Le silence retomba. Mais elle poursuivait en elle-même son idée. Dix minutes s'écoulèrent; elle dit:

—Moi, j'aurais fait une Joséphine impératrice très passable…

—Parbleu! je te crois!

—Ce n'est pas une plaisanterie: je parie que tu ne connais seulement pas les deux robes Empire que j'ai là-haut… authentiques, s'il vous plaît: elles ont été portées par mon arrière-grand'mère, qui était de la Martinique et qui connaissait beaucoup les Tascher de La Pagerie. Elle avait joué avec Joséphine. Ah! j'ai assez entendu raconter ça quand j'étais petite!… Je te les montrerai, tu verras.

—Certainement! dit mon père.

Il n'ajouta rien; il espérait qu'elle oublierait cette fantaisie. Je sentais qu'il avait le cœur gros. Au dessert, elle se leva et quitta la salle à manger.

—Eh bien! où vas-tu?

—Chut!… fit-elle.

Mon père acheva de dîner. Puis il jeta sa serviette, fit virer sa chaise, croisa les jambes et se mit à remuer le pied nerveusement.

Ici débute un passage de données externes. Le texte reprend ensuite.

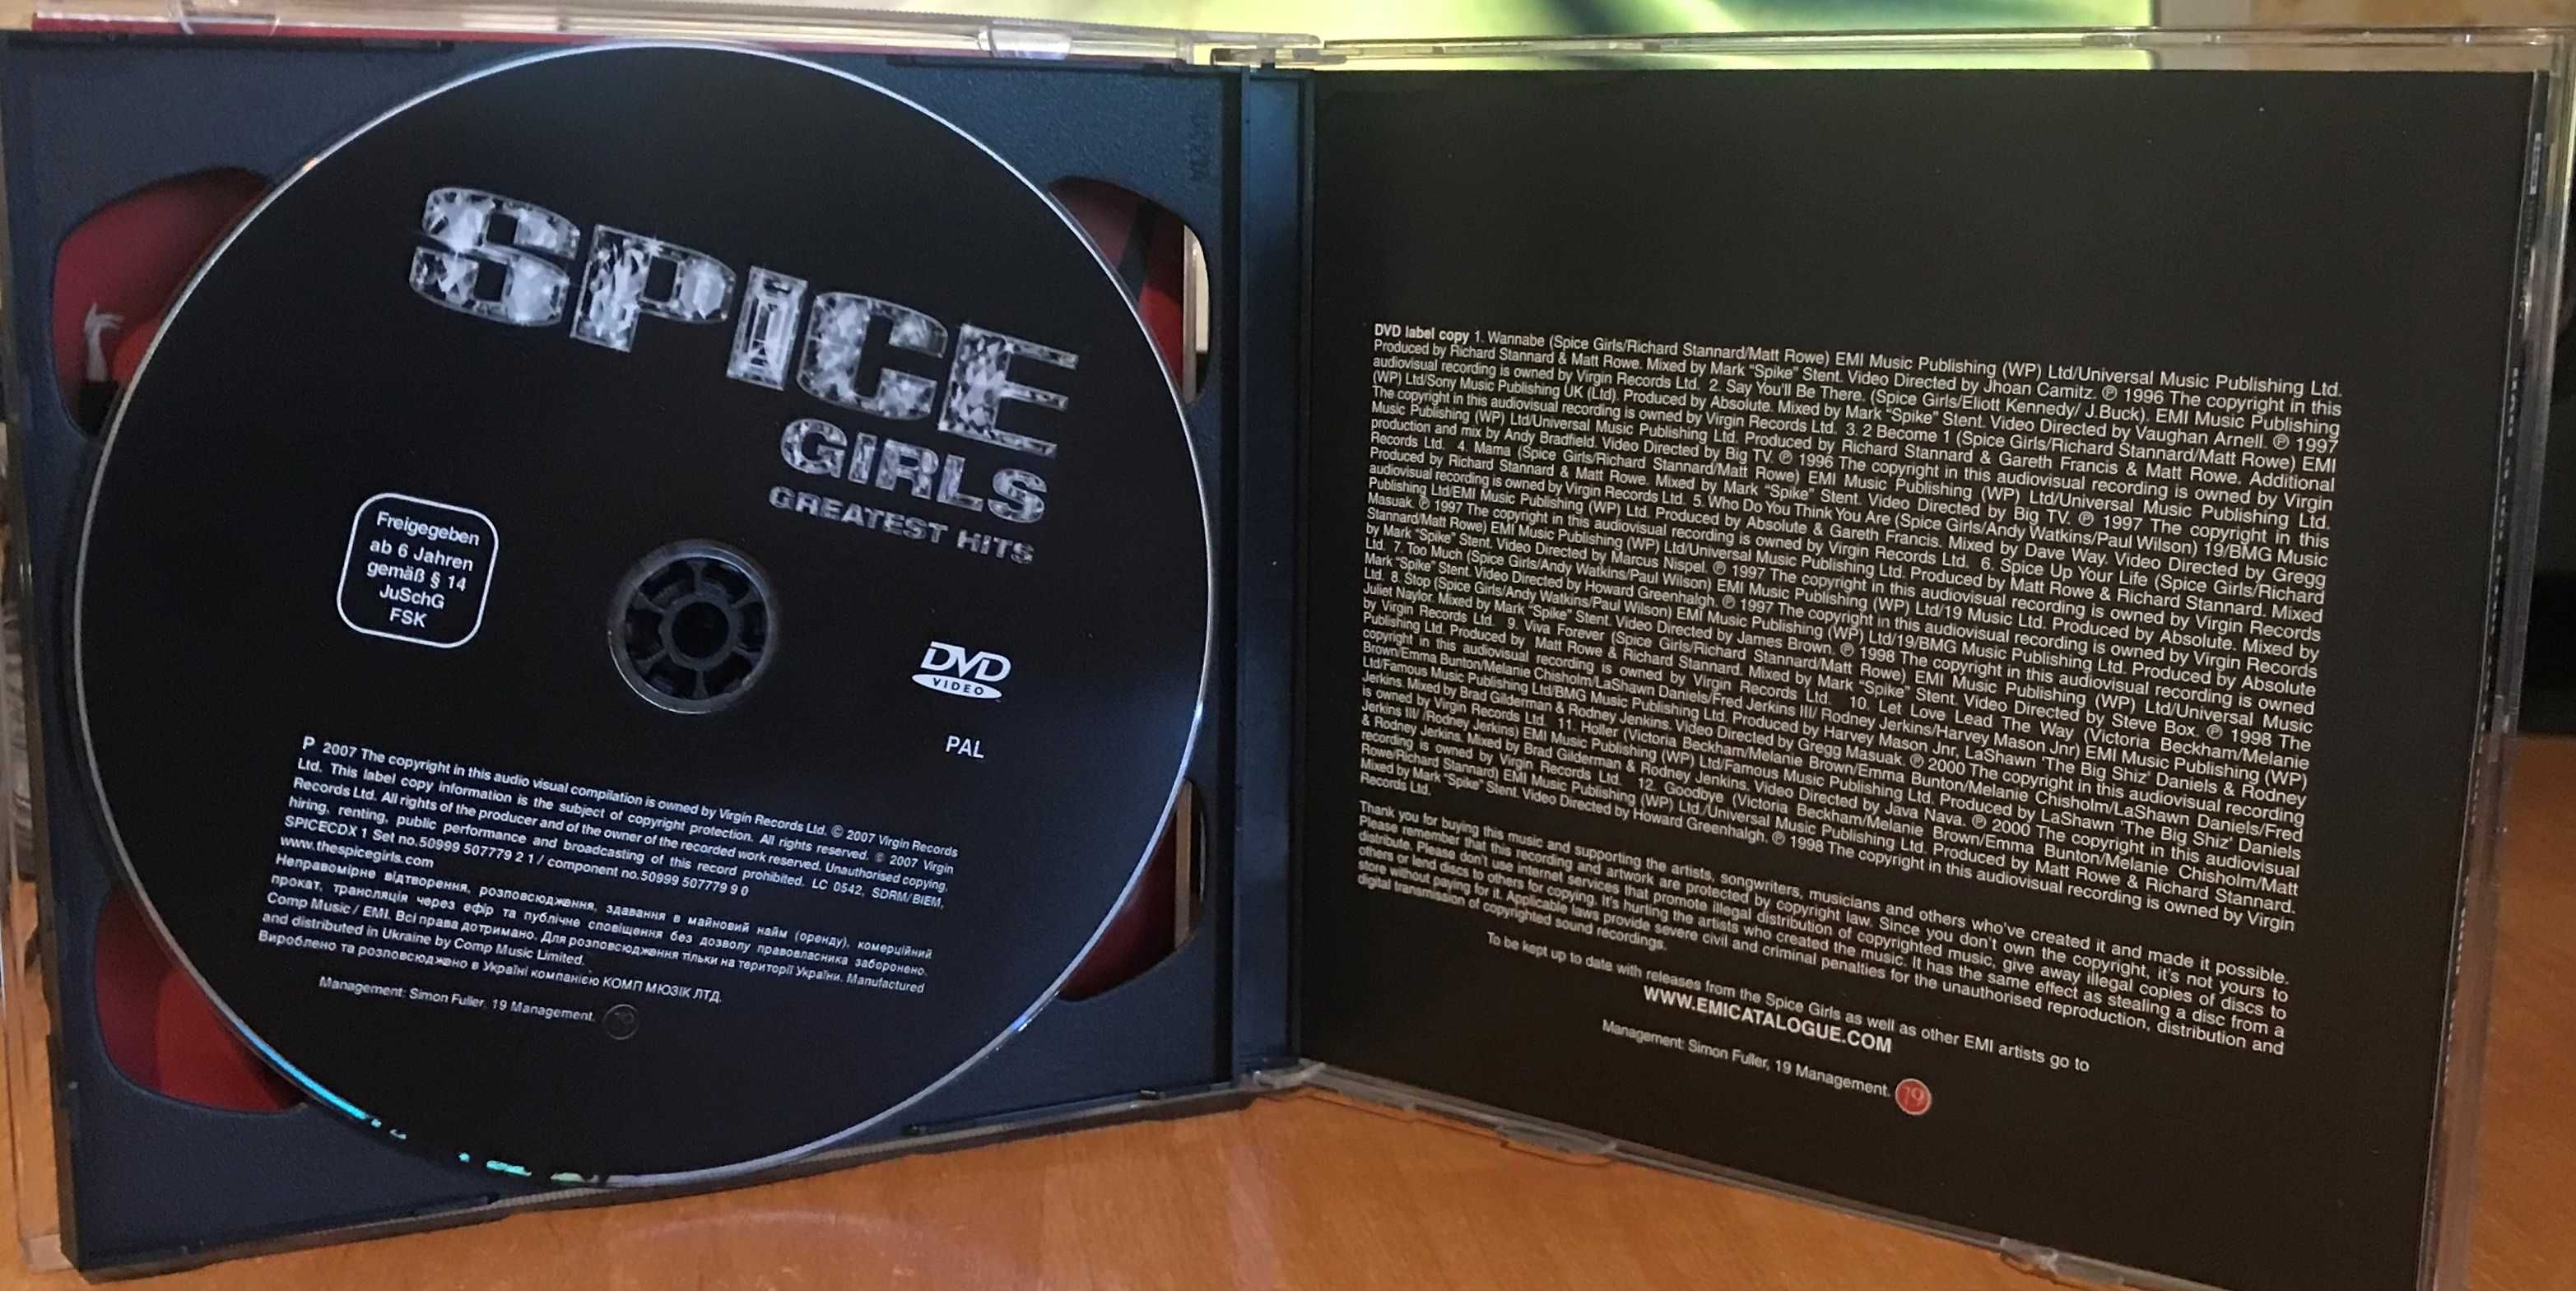 Spice Girls "Greatest Hits" (CD+DVD)

Je regardais ce pied agité, et j'étais assez grand pour comprendre tout ce qu'il y avait d'angoisse dans cette oscillation précipitée, et aussi tout ce qu'il y avait de tristesse dans cette semelle gondolée, dans ce talon usé en biseau, dans cette empeigne défraîchie. Autrefois si soigneux de sa personne, mon père se négligeait, par désespoir et aussi par économie… Cette chaussure ne brillait plus, car la mère Fouillette, qui comprenait la situation, faisait durer longtemps la boîte à cirage.

Nous entendîmes un coup de sonnette. Je dis:

—Ce n'est pas le coup du docteur Troufleau.

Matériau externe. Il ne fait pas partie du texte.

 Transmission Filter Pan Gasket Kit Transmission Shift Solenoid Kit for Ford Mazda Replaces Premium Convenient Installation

—Tu crois? fit mon père; qui veux-tu qui vienne?

La mère Fouillette traîna ses savates dans le corridor. Elle ouvrit la porte de la rue; un chuchotement venait jusqu'à nous. Mon père, le dos tendu sans cesse à l'annonce d'un nouveau désastre, entr'ouvrit la porte de la salle à manger et prêta l'oreille. Le dialogue se prolongeait à voix basse. Enfin la mère Fouillette parut:

—Monsieur, c'est de chez monsieur Clérambourg!

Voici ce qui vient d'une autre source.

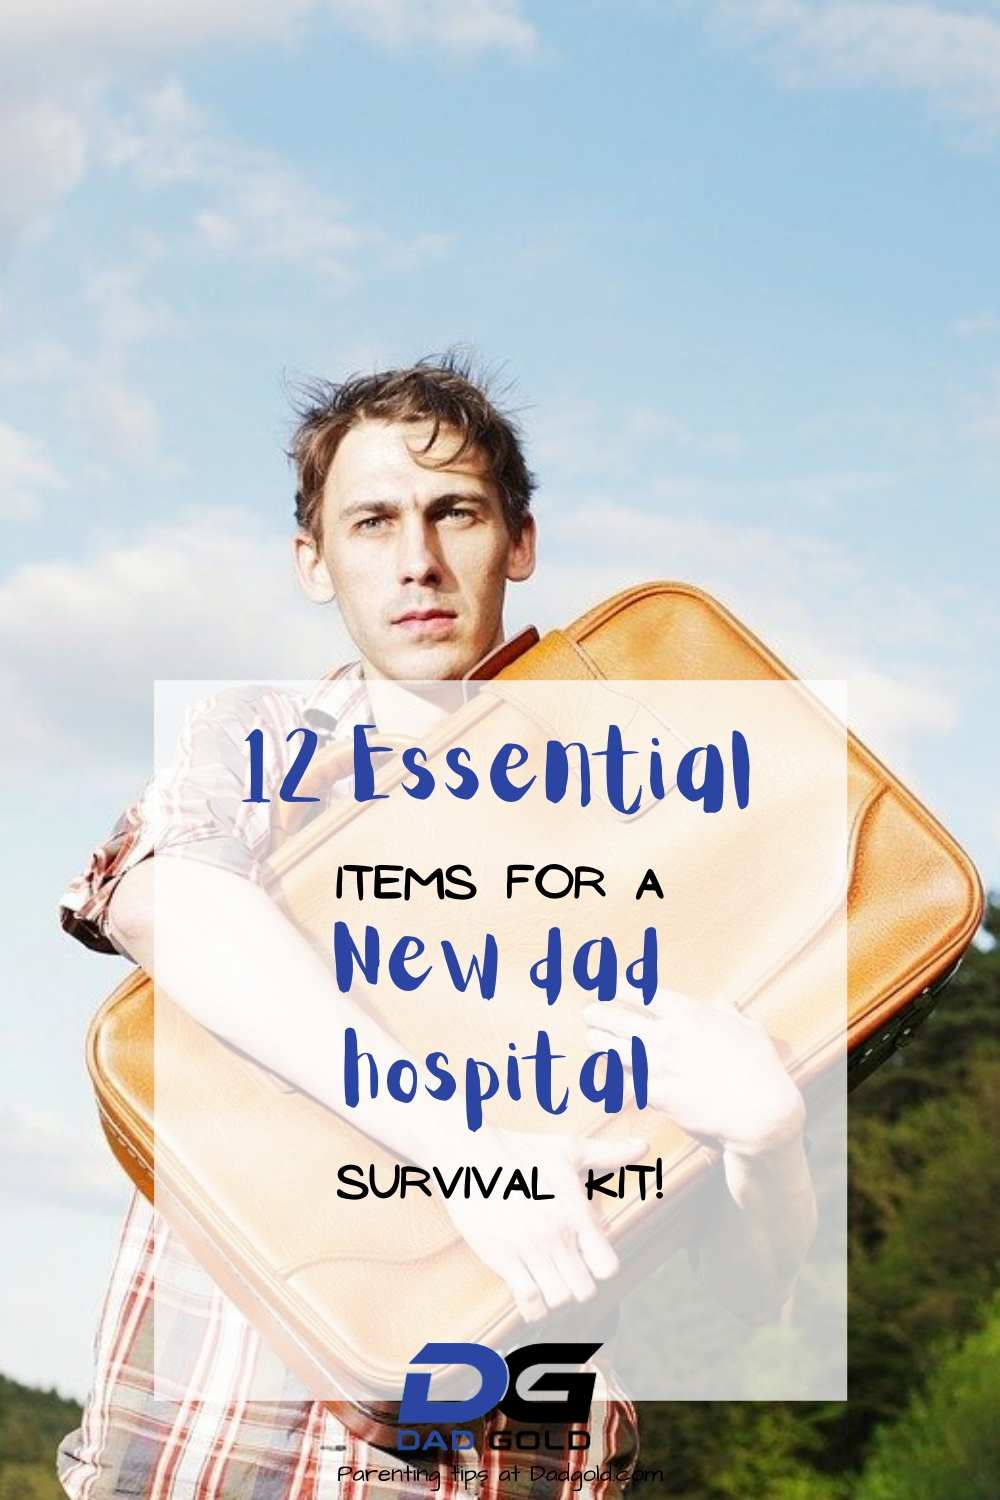 new dad hospital survival kit

—De chez monsieur Clérambourg!… répéta mon père, qui pâlit.

—C'est monsieur Clérambourg qui fait demander à monsieur le sabre qui est là-haut, accroché dans la chambre de monsieur et madame… rapport à ce que c'est le sabre que monsieur Clérambourg avait prêté à monsieur pour la garde nationale, du temps des Prussiens. C'est la petite bonne qui est là; elle dit comme ça que ne faudrait pas que ça dérange monsieur, quelquefois que monsieur aurait besoin de son sabre; mais, autrement, monsieur Clérambourg le fait réclamer, rapport à la fête…

—A la fête?…

—C'est comme qui dirait pour le déguisement; à ce qu'elle prétend, la petite bonne, faudrait à son maître un grand couteau pour trancher des pâtés d'alouettes qui sont de la taille d'une meule de foin… Y a de quoi rire!

La mère Fouillette ne pouvait se tenir en se représentant au festin de Gargantua M. Clérambourg—si solennel et si lésineur—tranchant avec un sabre des pâtés d'alouettes de la taille d'une meule de foin.

Mon père était stupéfait. Cela ne le faisait pas rire. Il avait toujours conservé ce sabre depuis la guerre. Il ne se souvenait même plus qu'il appartenait à Clérambourg. Mais que Clérambourg, ayant rompu toute relation avec nous, envoyât réclamer son sabre à l'occasion de cette mascarade, cela dépassait son entendement. Cependant il cherchait à s'expliquer la chose, parce que, dans son cœur d'ami fidèle, il ne pouvait croire que Clérambourg n'eût pas quelque raison d'agir ainsi.

La mère Fouillette devinait la pensée de son maître, et, en son langage naïf, elle lui fournit une vérité profonde:

—Ce n'est peut-être pas à dire que monsieur Clérambourg soit «rapiat, rapiat» autant que le bruit en court; mais quand il s'agit d'acheter des inutilités, ça serait un homme à plutôt dépouiller les morts…

En effet, c'était ce que faisait Clérambourg. Mon père, pour se convaincre, alla dans le corridor, et il vit la petite bonne de Clérambourg qui lui fit un bonjour de la tête. Il revint et dit à la mère Fouillette:

—Mais allez donc chercher là-haut ce qu'on demande; vous savez bien où c'est!… Vas-y, toi, mon petit, ajouta-t-il; tu expliqueras à ta petite-maman, qui doit être dans la chambre.

Je grimpai l'escalier quatre à quatre. Mais la petite-maman était enfermée dans la chambre et ne voulait pas ouvrir.